Jeffrey Dahmer, later ook wel de ‘Milwaukee Cannibal’ genoemd, verleidde tussen 1987 en 1991 zeventien jongens om met hem mee naar huis te gaan. Daar hield hij ze wekenlang gevangen, verdoofde ze, verkrachtte ze, sneed ze open en at ze op. De nieuwe lunchvoorstelling van debuterend toneelschrijver Nick Bruckman is bepaald niet licht verteerbaar.

In een fraaie toneeltekst reconstrueert Nick Bruckman vanuit verschillende invalshoeken zijn onderwerp. We zien Dahmer worstelen met zijn homoseksualiteit, die hij krampachtig probeert te onderdrukken. Een gepijnigde jongen, die zijn drangen en driften niet weet te beteugelen. Een knappe hardloper die dagelijks langs zijn huis komt en zijn gevoelens aanwakkert, probeert hij uit de weg te ruimen. Later neemt hij een mannelijke etalagepop mee uit een winkel; als hij die in de kelder legt en er af en toe mee speelt, kan hij verder toch wel gewoon aan vrouw en kind?

Ook zien we zijn slachtoffers: jonge jongens, die verleiden en zich laten verleiden, die samen met Dahmer hun seksualiteit ontdekken, grenzen verleggen, elkaar fysiek uitdagen. Ik wil gebruikt worden, zegt er een, doelgericht maar argeloos. We zien Dahmer met zijn handen door een kom met varkensembryo’s gaan, gefascineerd, opgewonden. En we zien de zus van een van zijn slachtoffers, die op het punt stond met haar broer te verhuizen toen Dahmer toesloeg. Ze is sindsdien niet verhuisd, wacht nog altijd tot haar broer weer thuiskomt, bakt nog altijd zijn lievelingstaart.

Bruckman schreef een krachtige, sterke toneeltekst. Hij schakelt snel en kundig tussen locaties, personages en vorm. We zien hoe Dahmer een lifter oppikt, hoe hij mannen verdooft in sauna’s, maar ook hoe hij met ze in contact probeert te komen, een gesprek probeert aan te gaan. Dan horen we hem weer koelbloedig en gedetailleerd uiteenzetten waarom je de onderkant van iemands voeten eraf moet snijden, of hoe je een lichaam langer goed houdt. Ondertussen zien we de zus van een van de slachtoffers vechten met haar herinneringen en geweten.

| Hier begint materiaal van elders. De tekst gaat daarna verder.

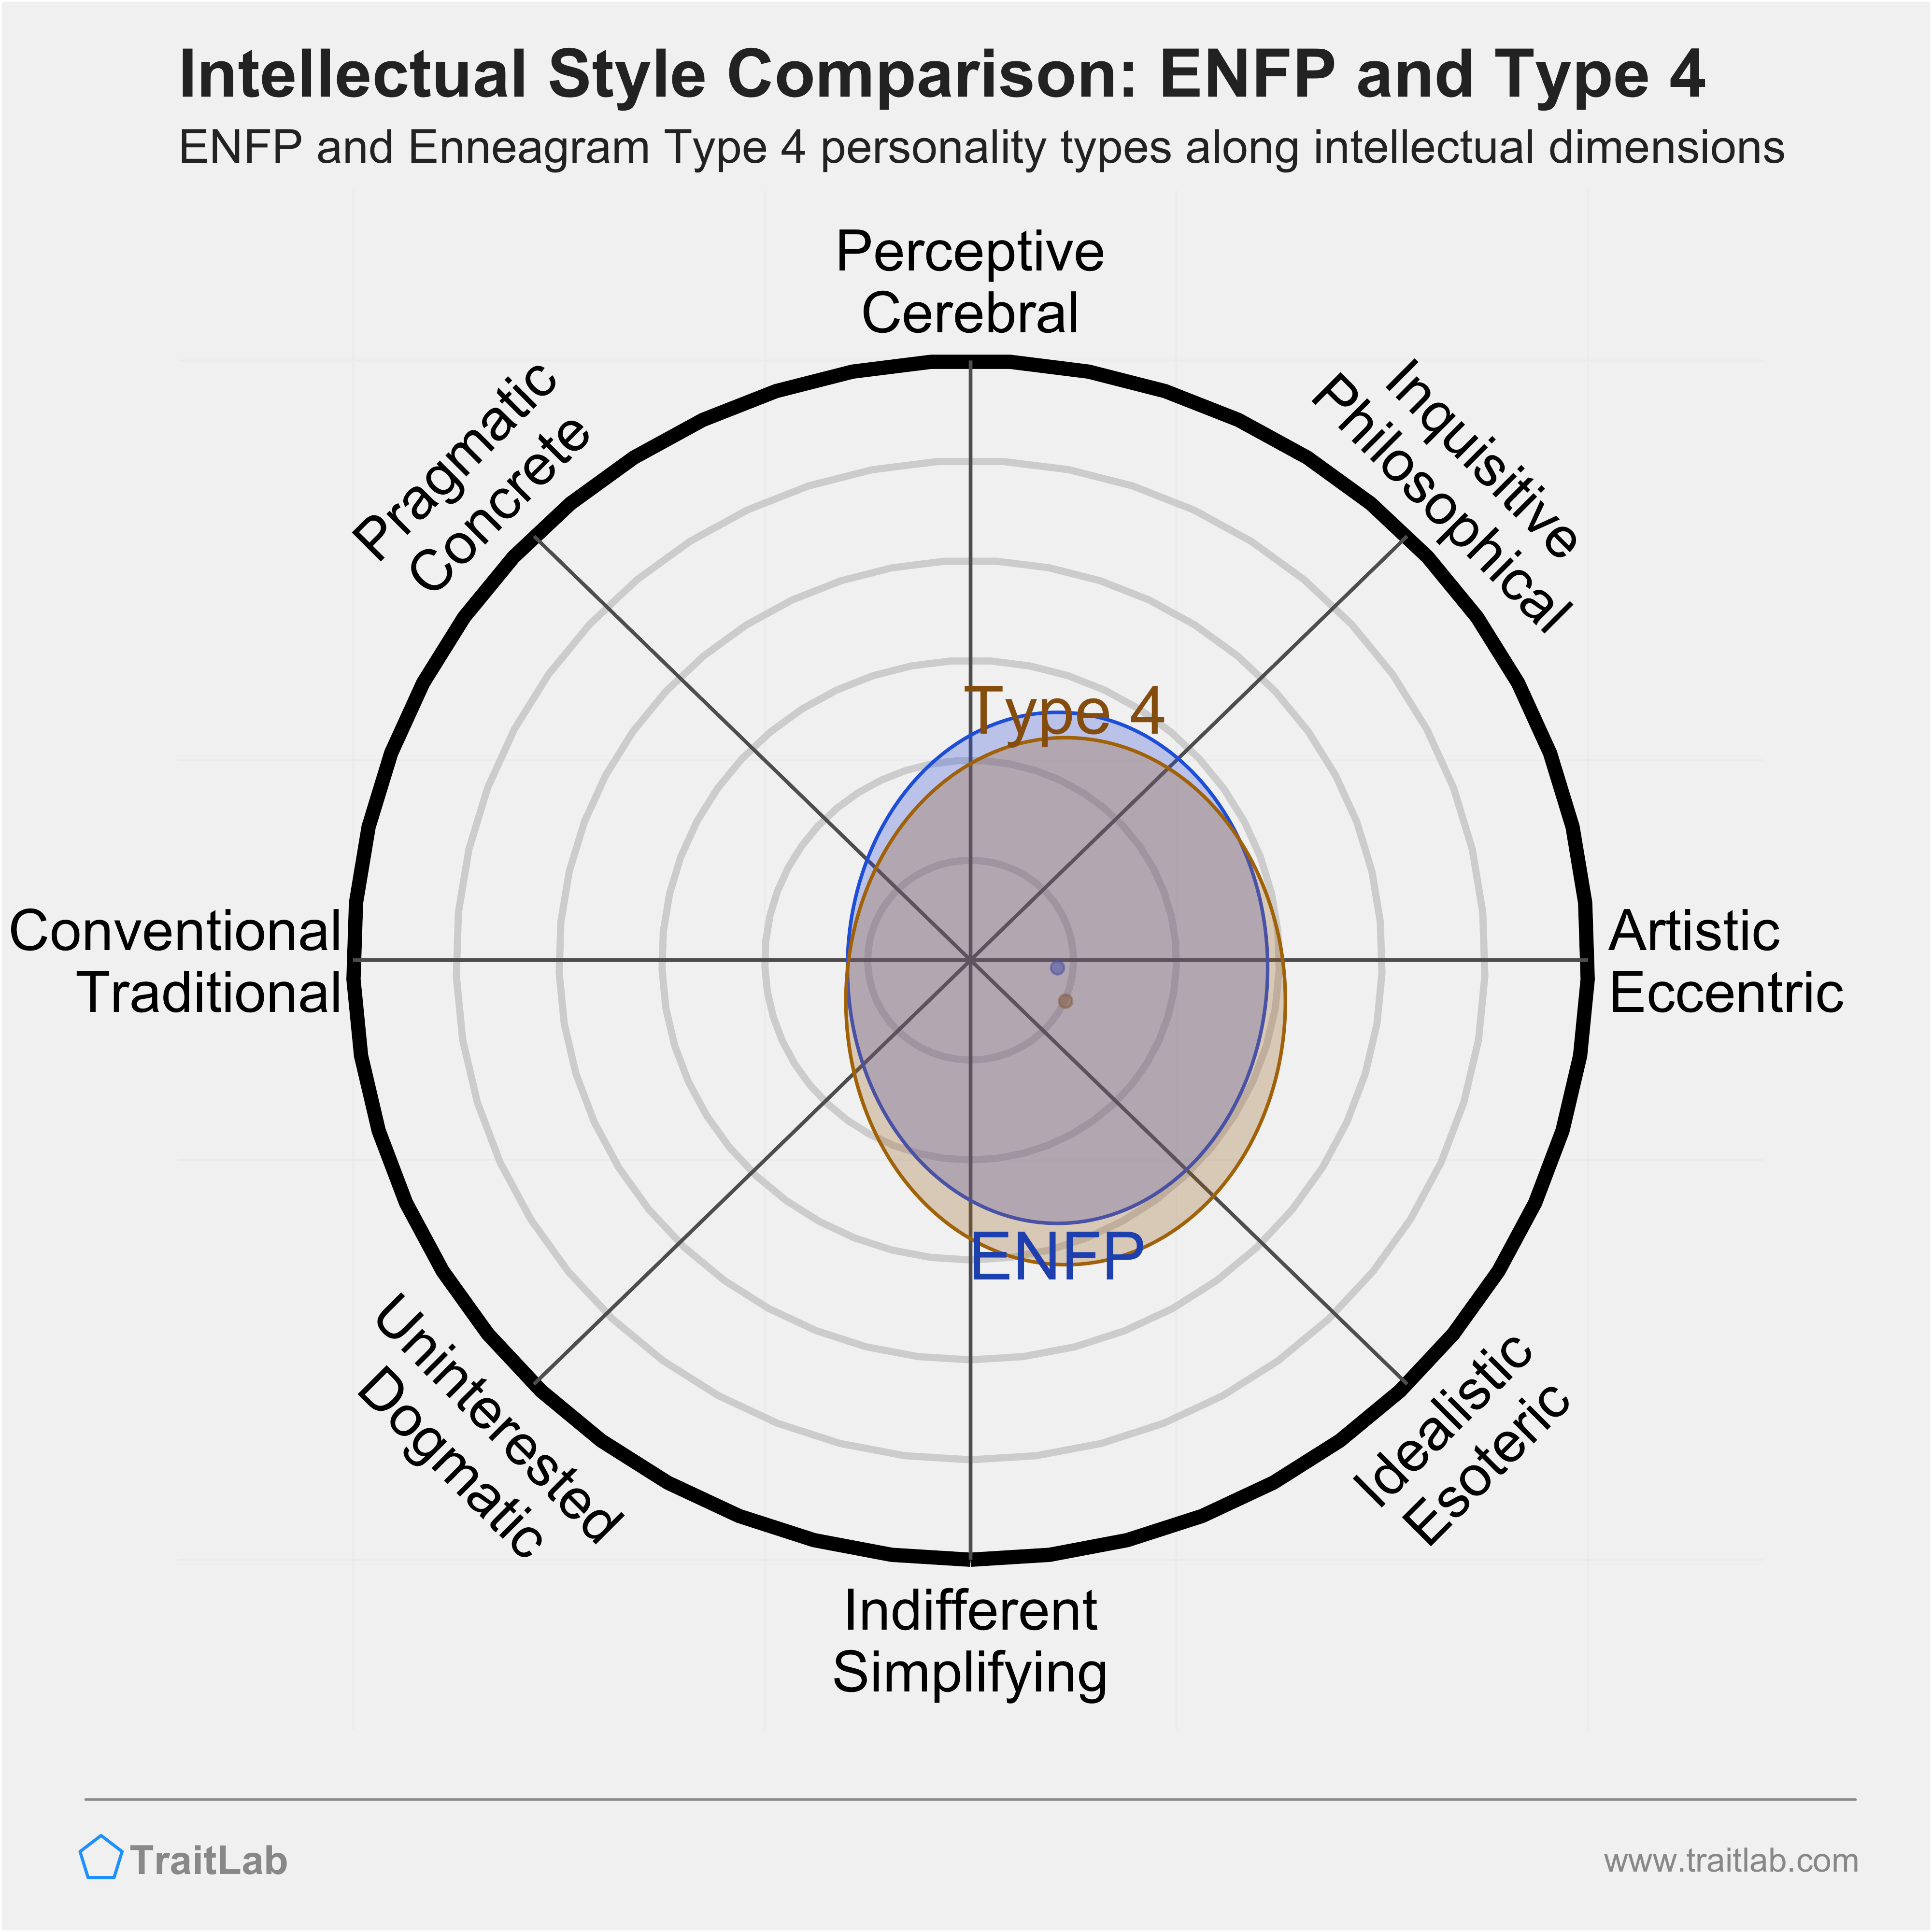 ENFP and Type 4 comparison across intellectual dimensions

Marcus Azzini maakte er een lijfelijke, intieme enscenering van. Het personage dat Dahmer vertegenwoordigt wordt gedubbeld door Sebas Berman en Jurriën Remkes. Abe Dijkman speelt zijn slachtoffers, Thomas Cammaert de achtergebleven zus. De acteurs zijn bijna het hele uur met zijn vieren op het podium, als ze niet in de scène zitten dolen ze er eromheen. Het levert een vervreemdend, soms benauwend toneelbeeld op. Zeker de verdubbeling van Dahmer werkt sterk, het maakt zijn voortdurende tweestrijd en zijn opgekropte driften sterk invoelbaar. Dijkman is sterk als naïeve jongeling, trots op zijn uiterlijk, met mannelijke zelfverzekerdheid maar jongensachtige hang naar bevestiging. Cammaert is als licht-hysterische nabestaande in dit geheel nog wat eenduidig.

De cultfiguur Jeffrey Dahmer wordt niet neergezet als meedogenloos en weerzinwekkende seriemoordenaar, maar als onderzoekende, soms zelfs liefdevolle jonge jongen. Des te groter en verwarrender is de afschuw waar je bij zo’n onderwerp niet onderuit komt.